3
votes

I am using Amazon DynamoDB to store event based data for activity streams.

I automatically create a new table for each month and intend to store the event data in each relevant table. This way I can quickly prune off old months when needed simply by deleting the old table, as well as better provision load towards the more recent tables.

However based from reading the amazon docs I can see that the hash key itself is very important.

Provisioned throughput is dependent on the primary key selection, and the workload patterns on individual items. When storing data, Amazon DynamoDB divides a table's items into multiple partitions, and distributes the data primarily based on the hash key element. The provisioned throughput associated with a table is also divided evenly among the partitions, with no sharing of provisioned throughput across partitions.

I am having a hard time getting my head around this.

Therefore my question, with the above is mind, which hash key would be better between these two:

1382465533_john.doe

or:

john.doe_1382465533

The above keys are a composite of the userid and the timestamp of event.

How these tables will be queried...

These tables will NOT have a range key as for this use case it is not required.

This data will be used to construct activity feeds for users.

When an event occurs the individual activity id is pushed (fanned-out) into the users followers redis lists (one list for each user);

Therefore when a user requests their stream we do the following:

  1. Get list of activityid's from Redis
  2. Loop through the activityid's and construct a BatchGetItem query to pull them out of DynamoDB.
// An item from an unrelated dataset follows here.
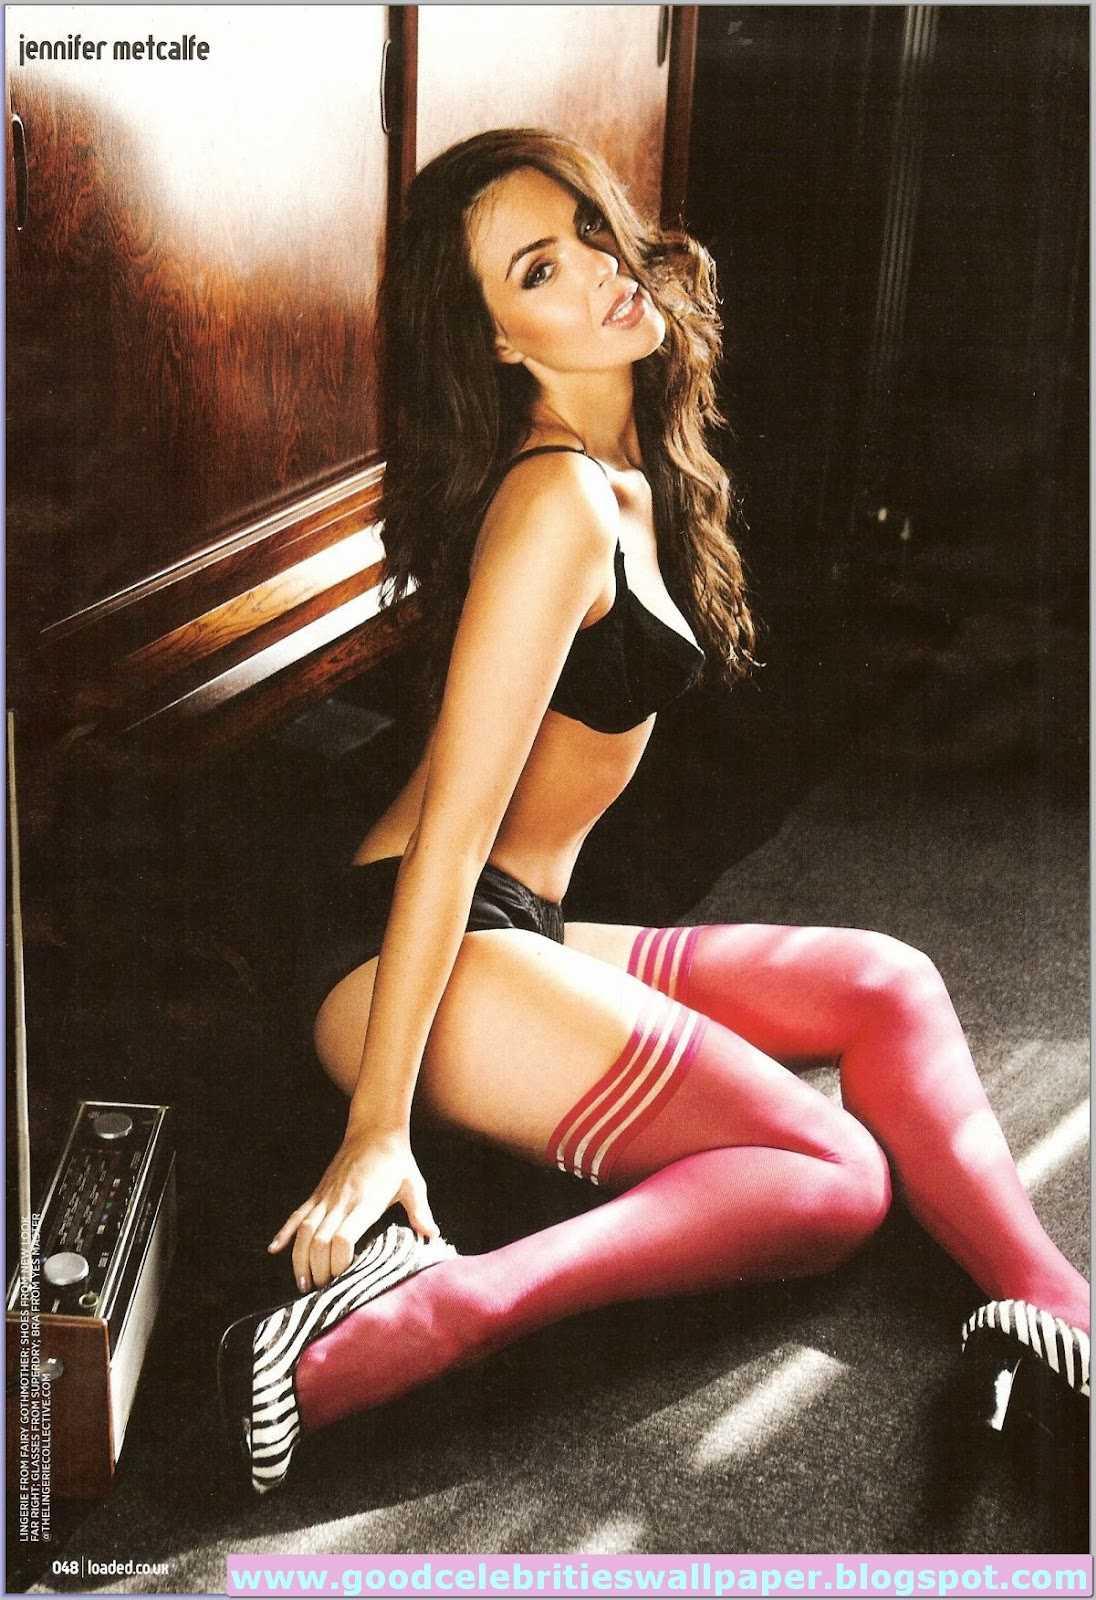 Jennifer Metcalfe hot feet pic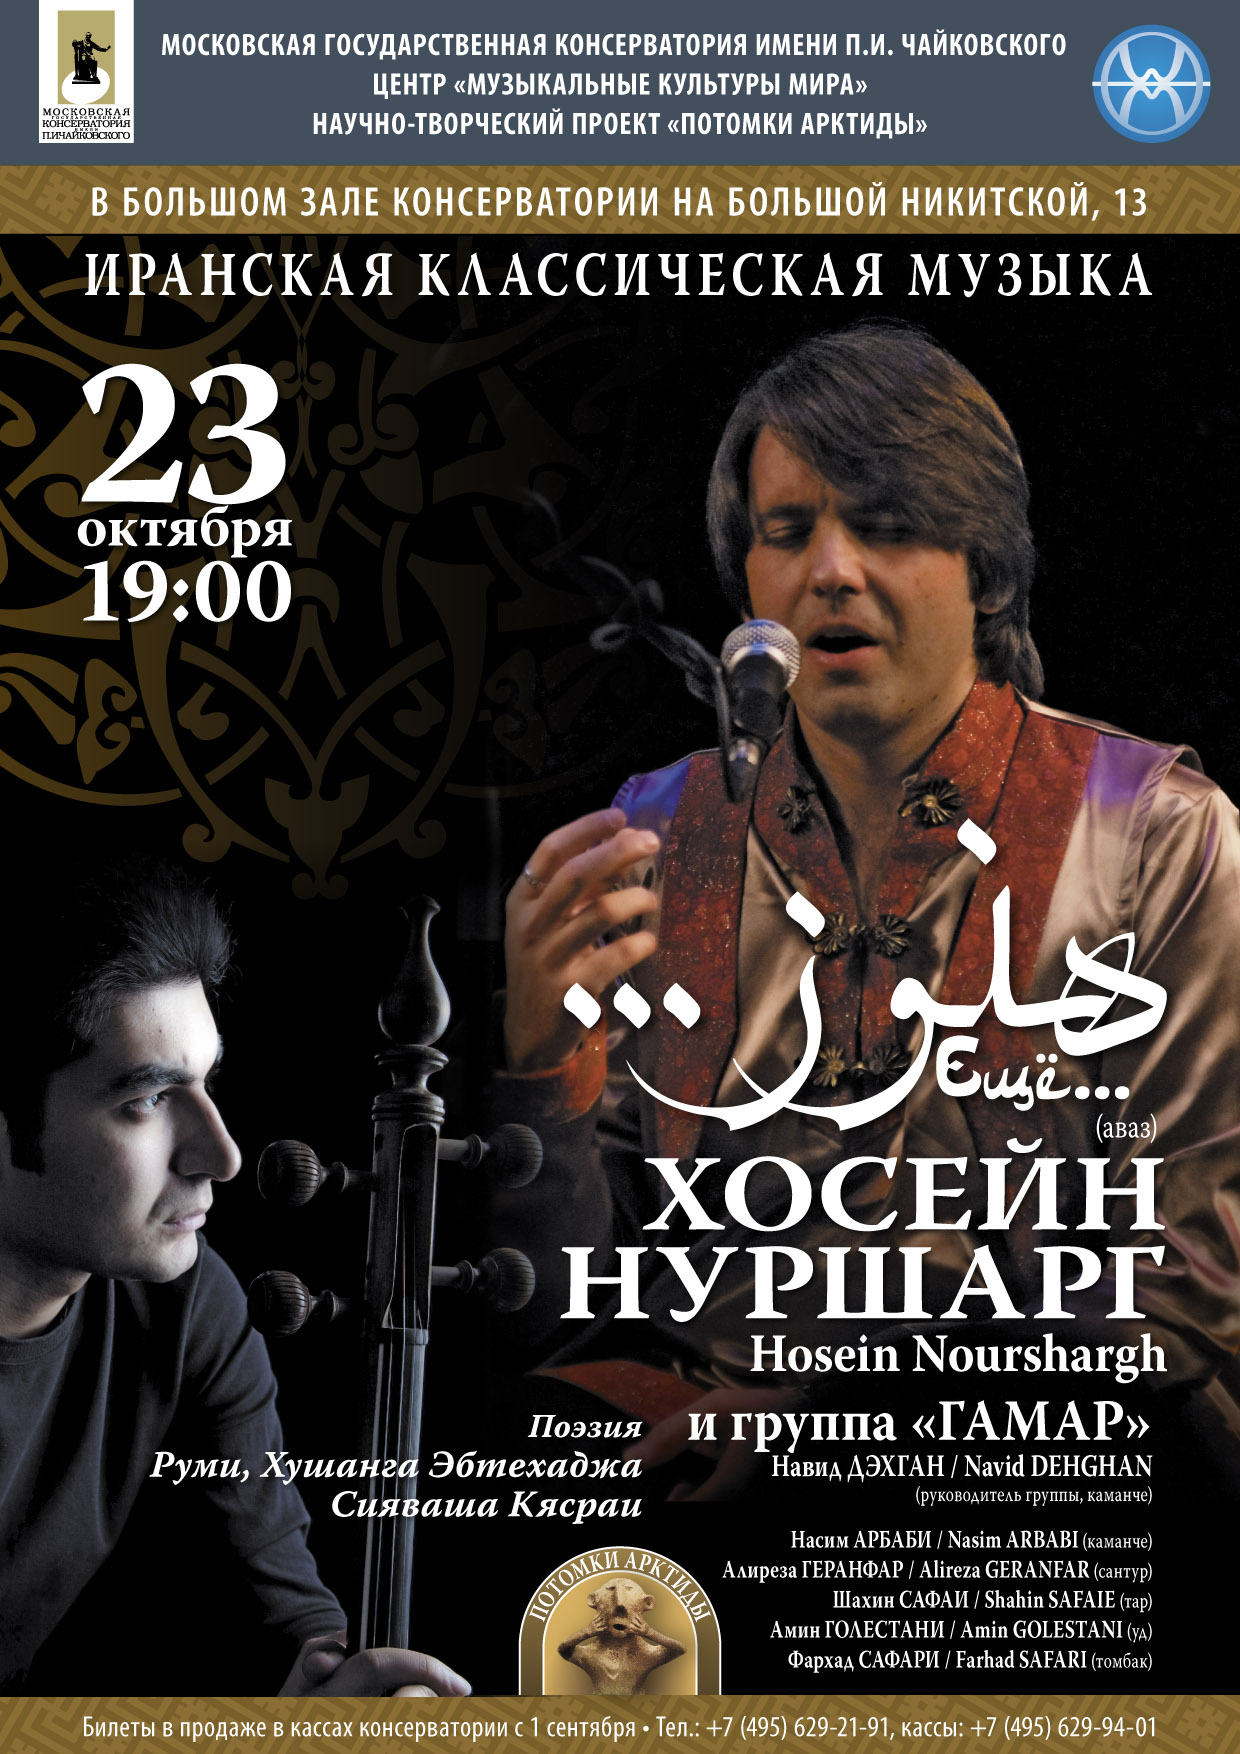 Афиша-23.10.2012_ред

With all that in mind what I need to understand is how best to define my hash key in the activity tables. Timestamp first or userid first. What logic does DynamoDB use to automatically partition the hash keys?

Thanks in advance for any advice.

1

1 Answers

4
votes

As per your question, I'd say that it doesn't matter how you compose your hash key, as you will have to query your table using the exact value for that hash key, and DynamoDB will treat it as a string anyway. Another thing would be if you were composing a range key, then you'd probably want to compose it as follows

john.doe_1382465533

so you can easily query your table like this

hash key = whatever, range key >= john.doe_1382460000

That said, maybe you can get rid of your Redis activity feed by integrating it directly into DynamoDB like this:

hash key: user id

range key: timestamp

the rest of the activity data

So instead of pushing the activity into DynamoDB and the activity id into Redis, you only have to push it and query it from the same DynamoDB table. I don't know if this would be compatible with the rest of your application, but here's an idea.